La clave de todo esto se halla en el significado de "naturaleza" en este contexto. Ya no se trata, a la manera clásica, de un mundo de objetos subsistentes más allá de su aprehensión por el sujeto que uno se exige reproducir; sino de lo que esa captación -lo que vagamente podría describirse como "sentimiento de la naturaleza", tiene a su vez de naturaleza compartida por todos los agonistas de este proceso: el mundo exterior y sus estímulos; la materia que los vehicula y los reconfigura estéticamente; los mecanismos neurofisiológicos del pintor y el espectador... En resumen: ya no se busca representar, al modo romántico, aquello que de sublime posee la naturaleza, exponiéndose automáticamente a un trágico fracaso, sino lo que tiene de específicamente humano, de compartible -en este sentido se habla de "naturaleza humana"-, la experiencia subjetiva de la naturaleza y de su conversión en una especie de segunda naturaleza: en pintura.
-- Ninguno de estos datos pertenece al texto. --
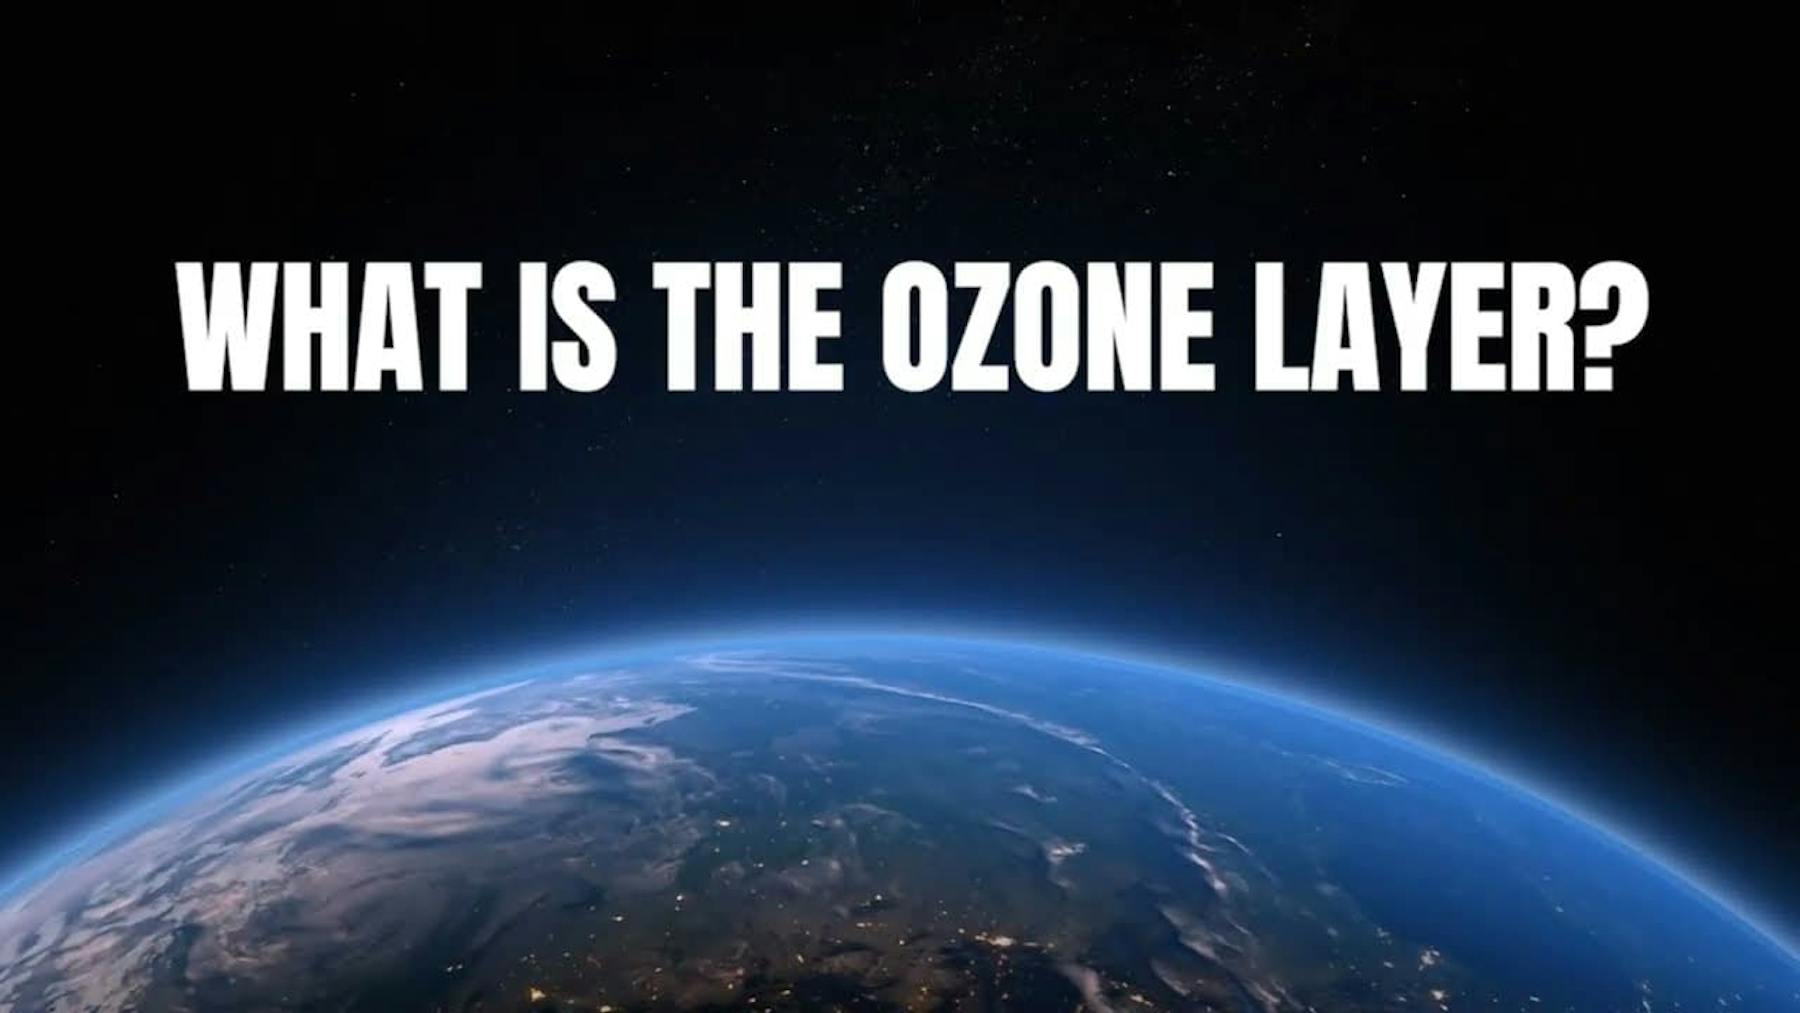 what is the ozone layer?

Elías no busca ni pone en escena los elementos en conflicto, sino -y esto es esencial en su pintura en cualquier sentido- los elementos de concordancia, de armonía. El perfecto conocimiento de ese "factor común" es la base para construír configuraciones materiales análogas a paisajes que suscitan, con los mismos medios que emplea la otra naturaleza, determinadas reacciones en el autor y del espectador. No es, pues, una mimesis de la naturaleza, sino de sus procedimientos. Ni es mera espontaneidad por ninguna de las partes.

 

La razón de que el romanticismo de Elías no sea trágico está aquí: en el hecho de que no persigue un absoluto inaccesible desde los limitados medios del arte, sino algo más modesto, aprendido sabiamente a través de la observación de la naturaleza y de la experimentación con la materia pictórica. La maestría se calibra en este caso en la abundancia y la fidelidad de los acontecimientos naturales que acaecen en la contemplación o han acaecido, durante su creación, dejando sus rastros en el interior del cuadro: vibraciones e irradiaciones; fulguraciones y destellos; quebraduras y anfractuosidades; sedimentaciones y estratificaciones; calados y goteos; veladuras y transparencias; coagulaciones y manchas; erosiones y lavados; posos y superposiciones... La naturaleza es aquí, a la vez, el texto, el idioma compartido por quien pinta y quien contempla, y sobre todo el garante de que el sentimiento de aquél llegará a reproducirse en éste. Un ámbito compartido en el que todo esto acontece, está aconteciendo, y en el que han acontecido además, previamente, procesos más conflictivos directamente relacionado s con todo lo que se ha descrito.

 

El contemplador subyugado ante la obra de Elías, si es que ha llegado hasta aquí, insistirá en preguntar -una pregunta más bien retórica, y seguramente cargada de escéptica ironía- si es realmente imprescindible hacerse cargo de todo esto para disfrutar su obra. Por supuesto que no, del mismo modo que el observador de un paisaje que asombra por su belleza y su armonía no tiene que hacerse cargo adel convulso proceso a través del cual ha llegado a configurarse como tal, por mucho que el paisaje mismo las evidencie tanto como las oculta. Basta con sumergirse en los climas y las aguas de esas asombrosas concordancias de la materia sutil, la mancha y el color, con la sensación incoercible de que, lejos de una brecha entre el sujeto y el objeto, se concierta en ellos una comunidad esencial; la sensación de que, lejos de una pérdida de realidad o un exilio de la realidad, hay en esta obra una ganancia de realidad, una forma gozosa y suplementaria de pertenencia a la realidad. No otro es el cometido del arte.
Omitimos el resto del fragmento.